Sequencing, protection and price
In a full fit-out, floors go in after ceilings and wall skim but before final paint — the order we run on every turnkey project, so trades stop destroying each other’s work. Finished floors get board protection until handover, not a plastic sheet and a prayer. Budget-wise: screed from 102,000, self-leveller from 144,000, polished concrete from 300,000, microcement from 780,000 per m² — the pricing page shows how that sits in a whole-villa budget, and the laser survey that fixes your exact number is free.
Pricing
How much does it cost in Bali
| Work | Unit | Price (IDR) |
|---|---|---|
| Sand-cement screed (30–50 mm) | per m² | from 102,000 |
| Self-levelling compound (3–10 mm) | per m² | from 144,000 |
| Polished concrete (grind, densify, seal) | per m² | from 300,000 |
| Microcement floor system | per m² | from 780,000 |
| Waterproofing under wet areas | per m² | from 114,000 |
| Screed repair / partial re-pour | per m² | from 150,000 |
Labour + materials, July 2026. Rates assume ground-floor access and standard thickness; upper floors, pumping and falls to drains are quoted after the laser survey. Full price list on the pricing page.
All prices are approximate and do not constitute a public offer — the exact price is fixed in your written quote after a free site visit.
Related
Often ordered together
FAQ
Floor screed & finishing in Bali — FAQ
How flat will the floor actually be?
Standard screed we hand over at 3 mm or better under a 2-metre straightedge — fine for tile and engineered timber. Microcement, vinyl and large-format porcelain want tighter, which is what the self-levelling top coat is for. At handover you get the straightedge in your own hands, same as our walls.
How long before tiling or timber can go down?
Tiles: usually 7–10 days on a standard screed. Timber, vinyl and microcement wait for moisture readings, not the calendar — roughly a week per centimetre of thickness in dry season, noticeably longer in wet. Anyone promising timber on a week-old 50 mm screed is selling you cupped boards.
Polished concrete or microcement — which one?
Polished concrete (from 300,000/m²) needs a decent slab or new screed, suits ground floors, and gives the raw, stone-like look.

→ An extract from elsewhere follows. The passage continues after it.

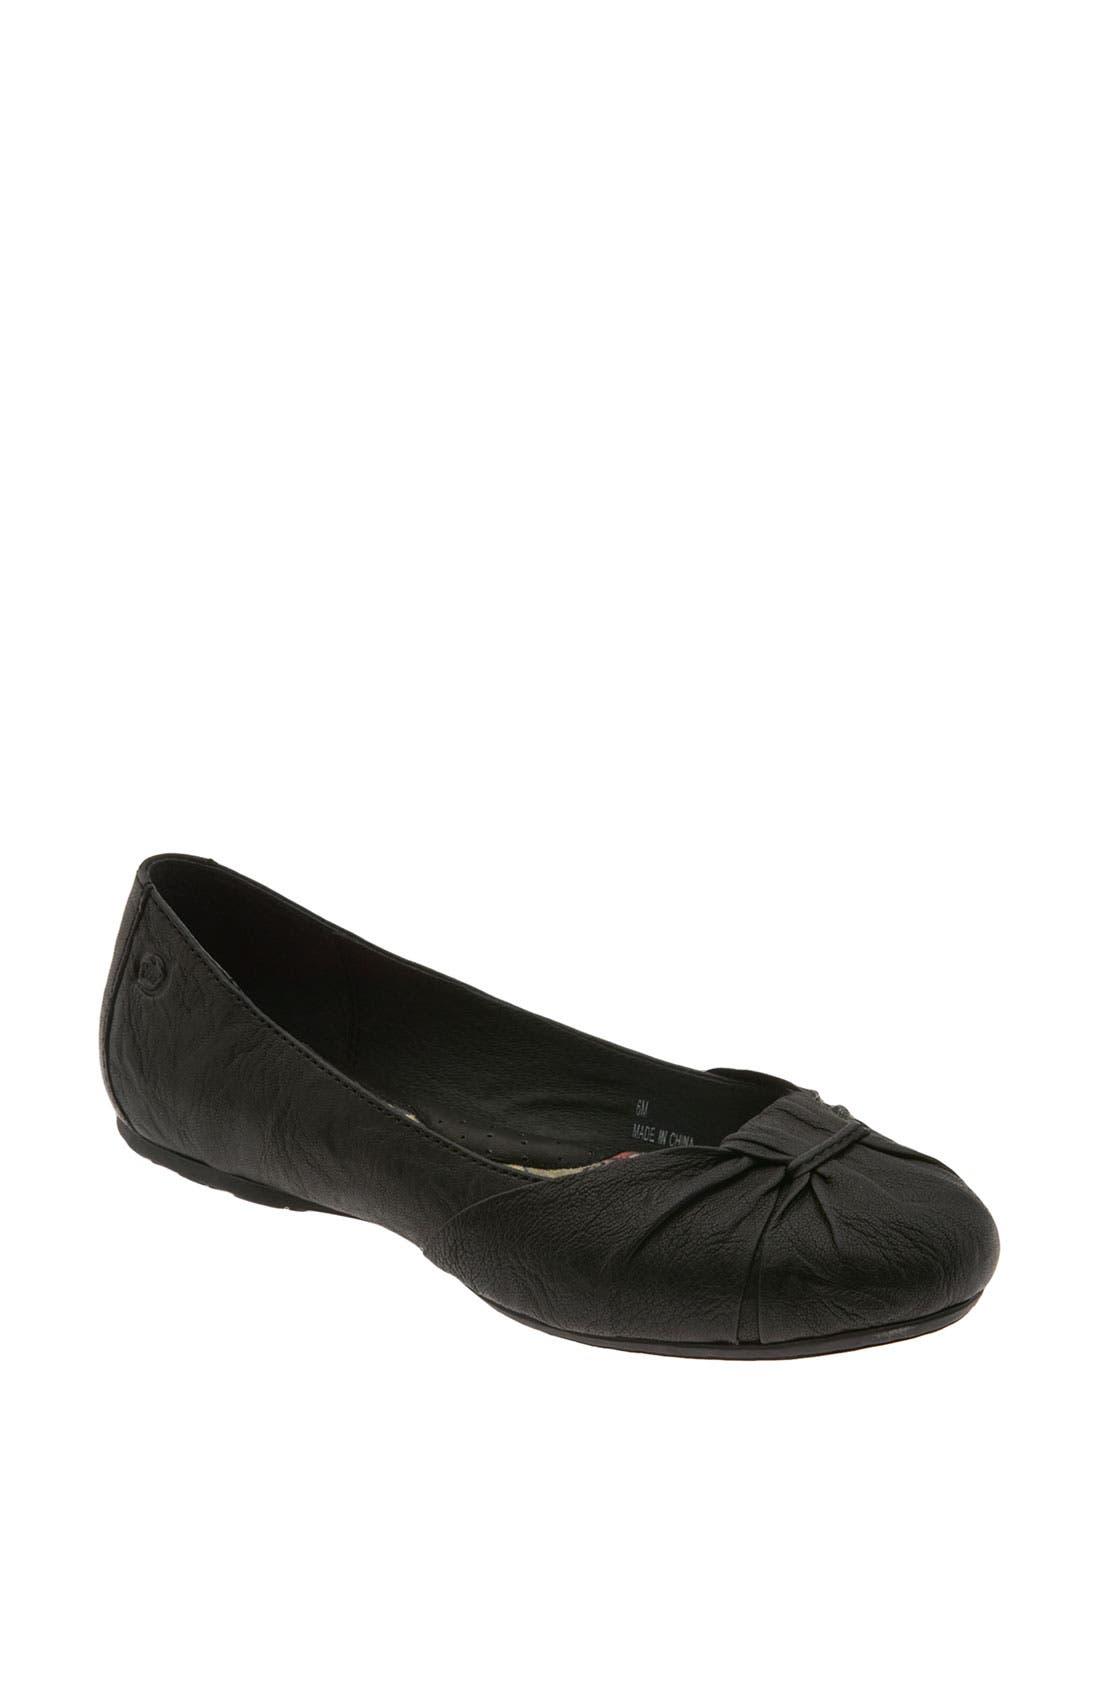 'Adele' Flat,                         Main,                         color, Black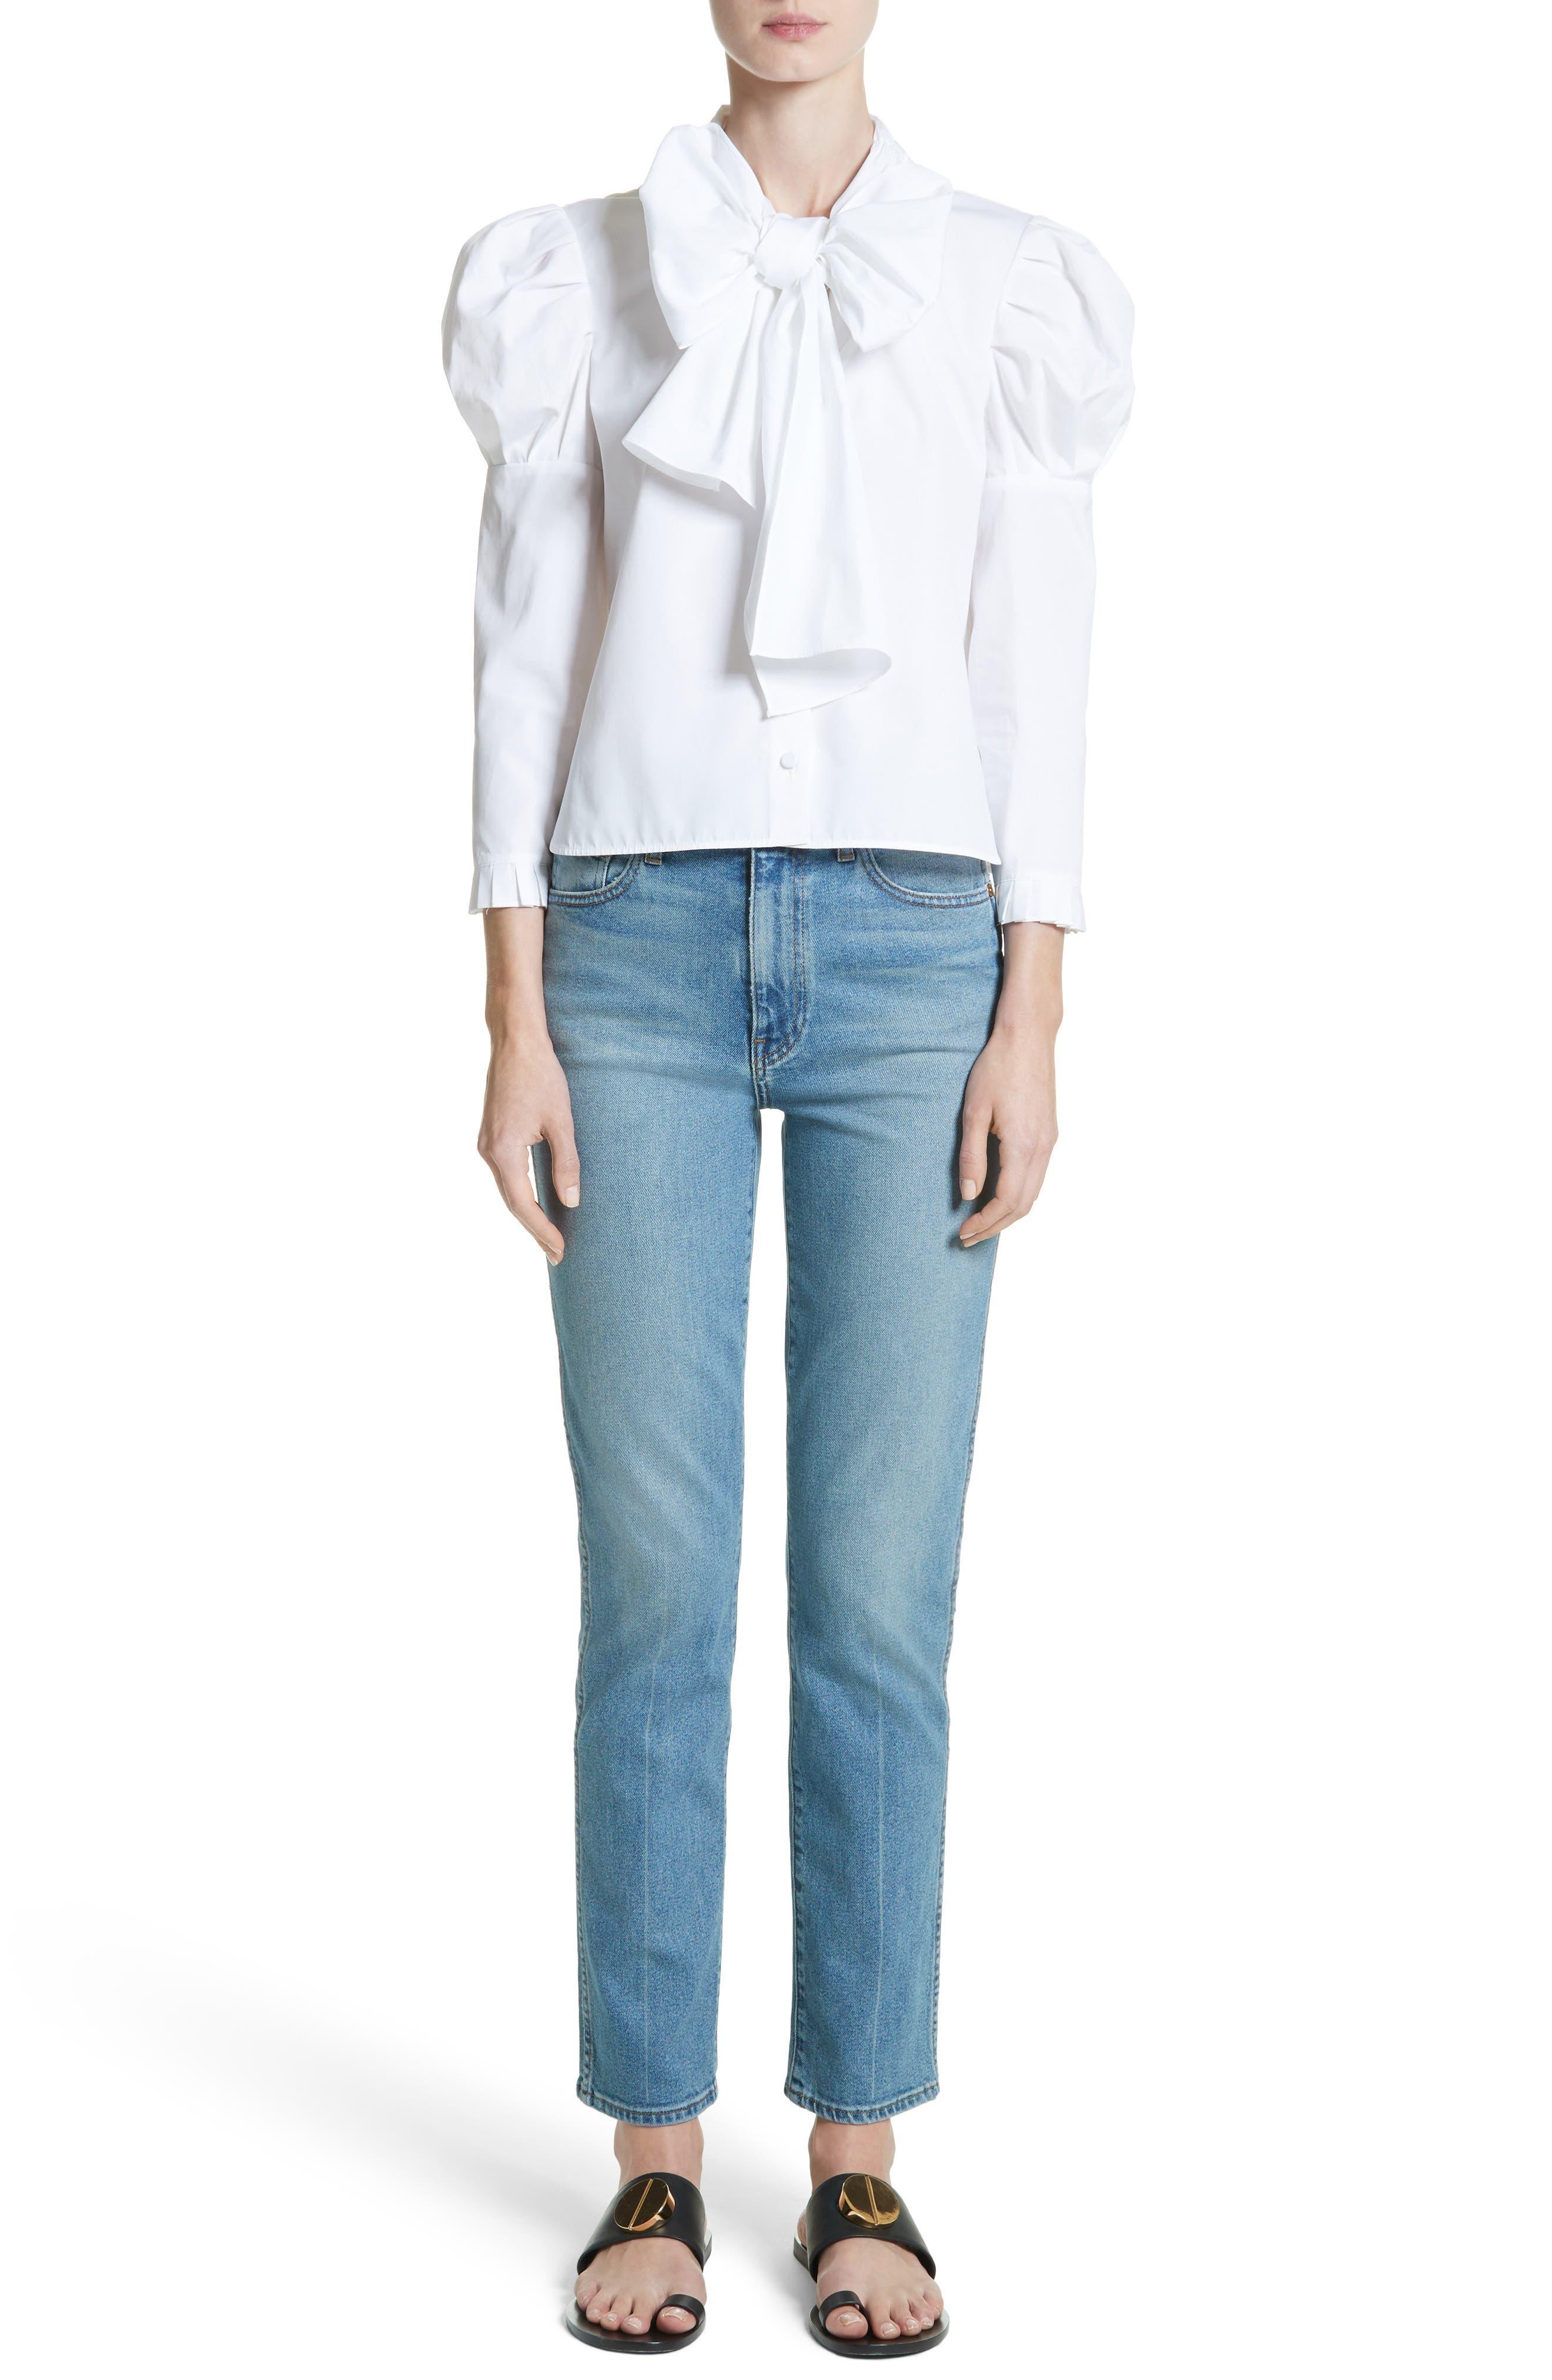 Victoria Straight Leg Jeans,                             Alternate thumbnail 8, color,                             Medium Crease

Microcement (from 780,000/m²) is a 2–3 mm system over any sound screed — upstairs, bathrooms, over old tile — with far more colour control. Both get sealed against staining; we bring samples of each to the site visit.
Can you fix hollow tiles or a cracked screed?
Yes — we tap-map the floor, cut out the failed zones, re-pour with a bonding slurry and match levels to the surviving floor. Hairline crazing is usually cosmetic; cracks that mirror through tile in straight lines mean the screed debonded or was poured too dry, and patching over them just moves the crack.
Do you do falls to floor drains?
Bathrooms, outdoor showers and terraces are screeded to falls — typically 1–2% toward the drain — over a waterproofing layer, before any tile, stone or microcement. Water that stands on a flat wet-room floor in this climate always finds a way down; we make sure it’s the drain.